[ale] Debian 3.0 as a server platform?
Chris Ricker
kaboom at oobleck.net
Fri Jun 3 01:13:22 EDT 2005
On Thu, 2 Jun 2005, Barry Hawkins wrote:
> I am a Debian package maintainer, and I collaborate and communicate with
> Fedora/Red Hat folks on an ongoing basis, particularly in the area of
> Java packaging. I know for a fact that they do not require that package
> contents build only from source. Lucene, Tomcat, and a few other libraries
> in the Eclipse package for Fedora are included as compiled binary downloads,
> because building from source on free runtimes for those components is not
> currently working.
I view that as being no different than, say, Debian's use of a binary
compiler to bootstrap the compilers that are written in their own language
-- you gotta start somewhere, even if that means initial compiles using
non-distro tools.
> The release schedules for Debian have been embarrassingly slow, and it has
> been a real "black eye" for perception of Debian. Geeks in the know simply
> use testing and unstable and roll on, but new folks who look at it and see
> a last stable release of 3 years ago are immediately turned off - and rightly
> so. The hope is that we are making some big changes in that respect.
*shrug* The Debian release schedule actually doesn't bother me; there's a
place in the world for maintained, very slowly changing distros. There are
lots of servers I don't use Debian for (at least in part because of a need
for something more modern, though things like needing EMC / Oracle / etc.
support also enter in for some), but there are certainly places I use it.
> While the flame wars on debian-devel are as alive as they are on any other
> distro's developer list, I am quite certain that the adherence to Debian
> policy and the fact that it is indeed all-volunteer are major factors in
> how fast things progress. I also believe that Debian's not being encumbered
> by corporate directives can account for the lax pace as well.

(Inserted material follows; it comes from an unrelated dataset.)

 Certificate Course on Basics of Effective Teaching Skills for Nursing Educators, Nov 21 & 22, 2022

This has its
> own set of pros and cons, but it is the set that I agree with enough to give
> of my own time and effort.
In all seriousness, I think the slowness is due to a combination of lots
of different things: the number of architectures (heck, given the slowness
of, say, ARM builds, that alone holds up everything else ;-), the number
of developers, the formalized policy (and seemingly endless debates over
same ;-), the number of packages, the "milestone"-based shipping
schedule.... The latter, in particular, encourages a "ship when it's
ultimately ready" (which of course almost never happens) approach, rather
than a "get what we have ready to ship by a fixed time" approach like
GNOME, most of the BSDs, Fedora, etc. do....

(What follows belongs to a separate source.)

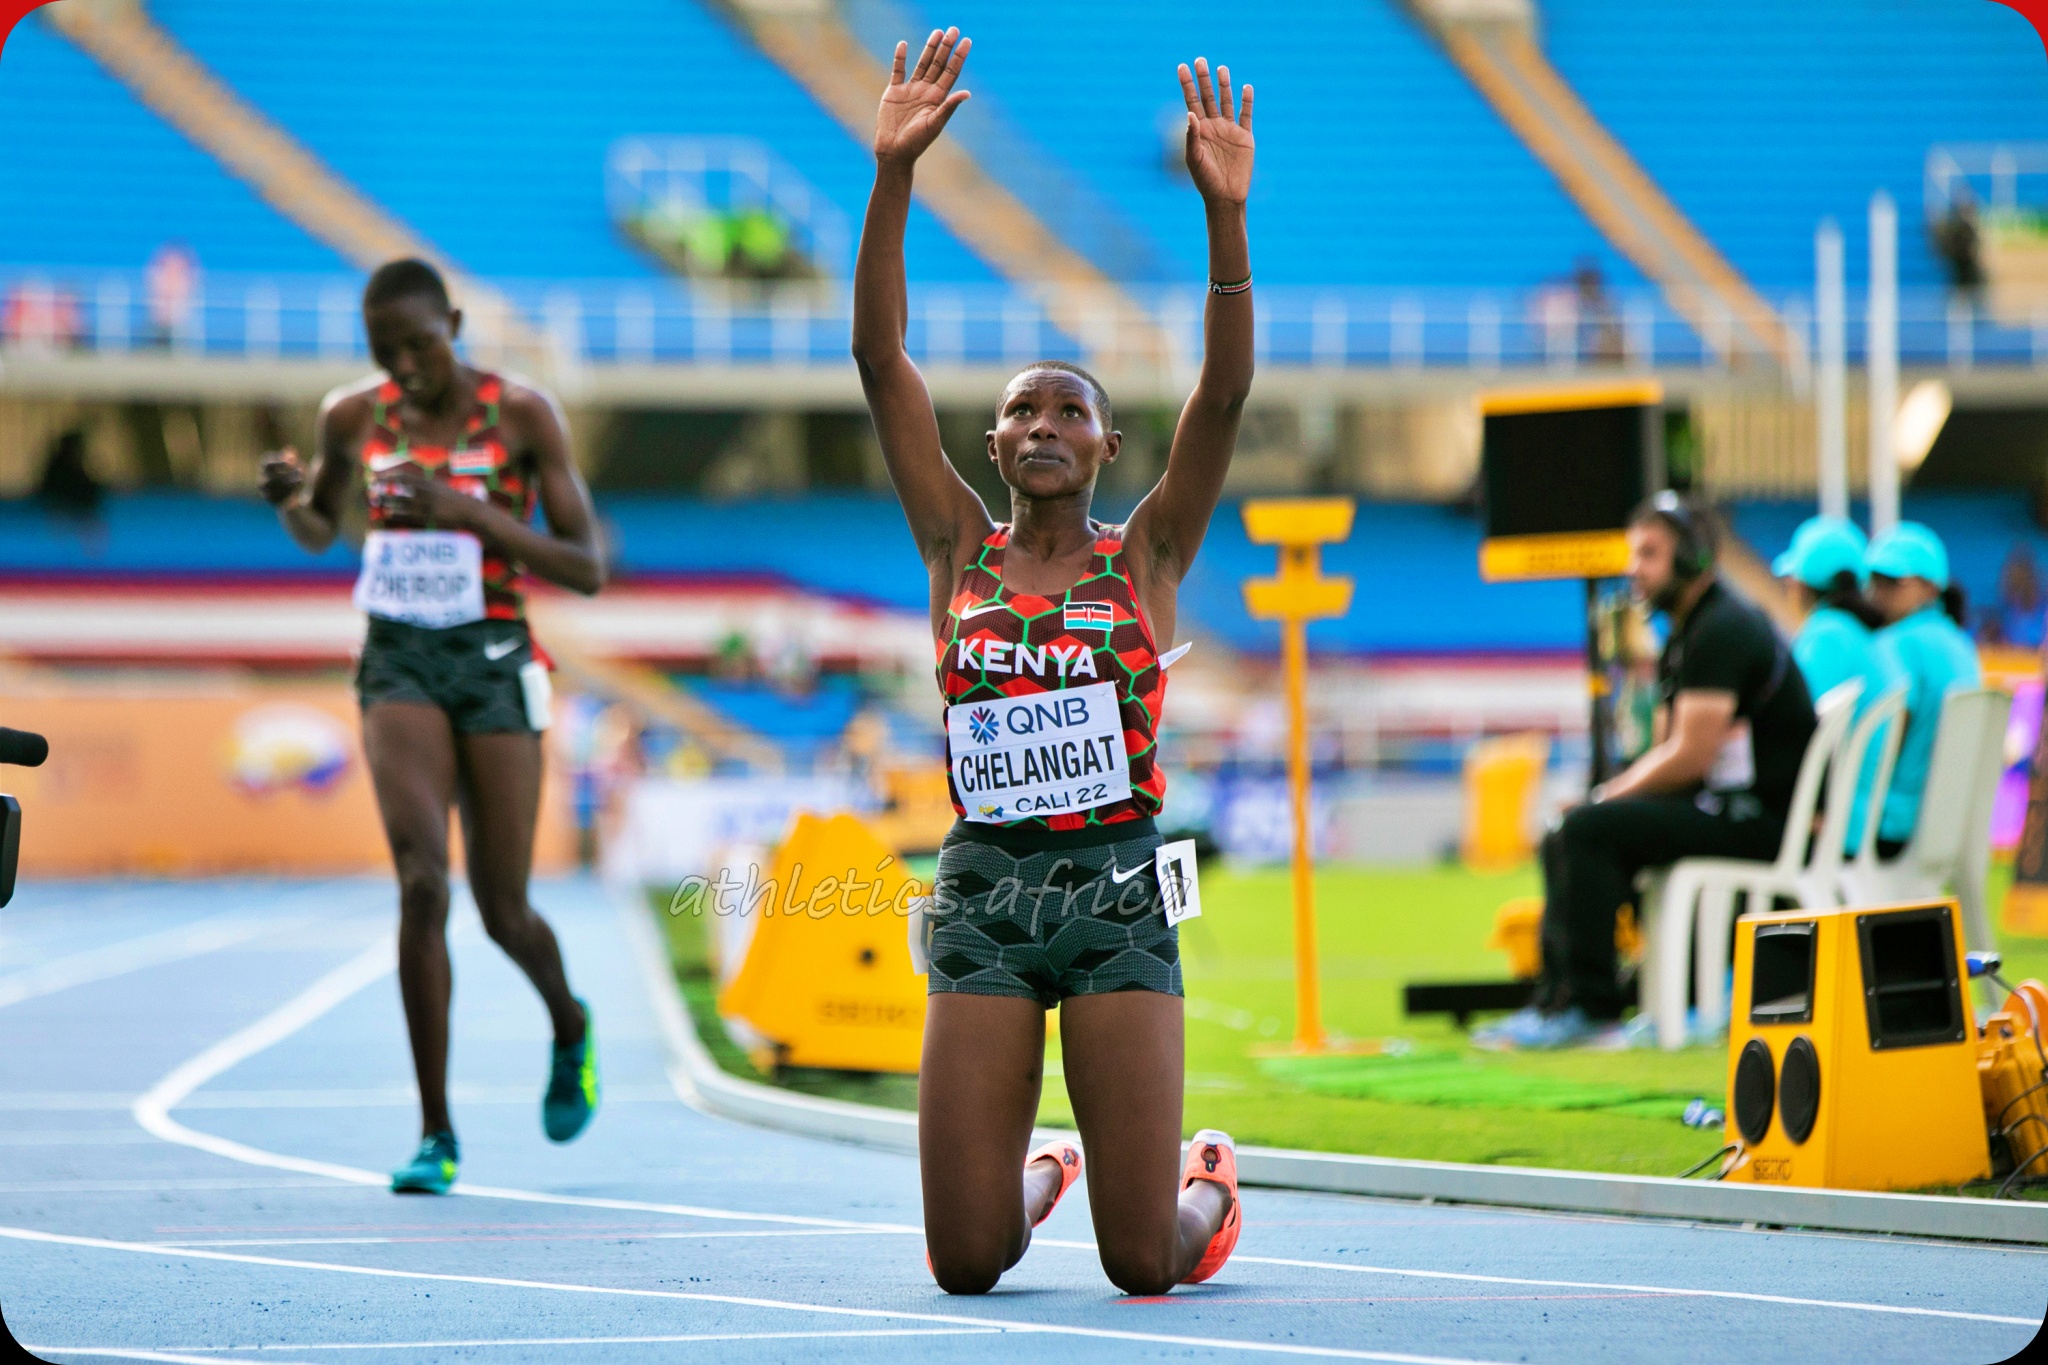 Kenya's Betty Chelangat celebrates her 3000m win at the World Athletics U20 Championships Cali 22 / Photo credit: Marta Gorczynska for World Athletics

> Fedora is not the same as Debian; obviously not in content, but also not in
> its policies, aims, and driving motivators. Both have their place within
> the Linux ecosystem. I only tend to see assertions that Fedora is like
> Debian; I rarely see an assertion made in the other direction.
At least for me, the similarity is just that the spirit of both of them is
largely the same -- providing high-quality distros built from open-source
software. Beyond that, there's certainly lots that distinguishes the two:
schedules, target audiences, platforms supported, number of packages
included, number of developers involved, willingness to innovate, etc.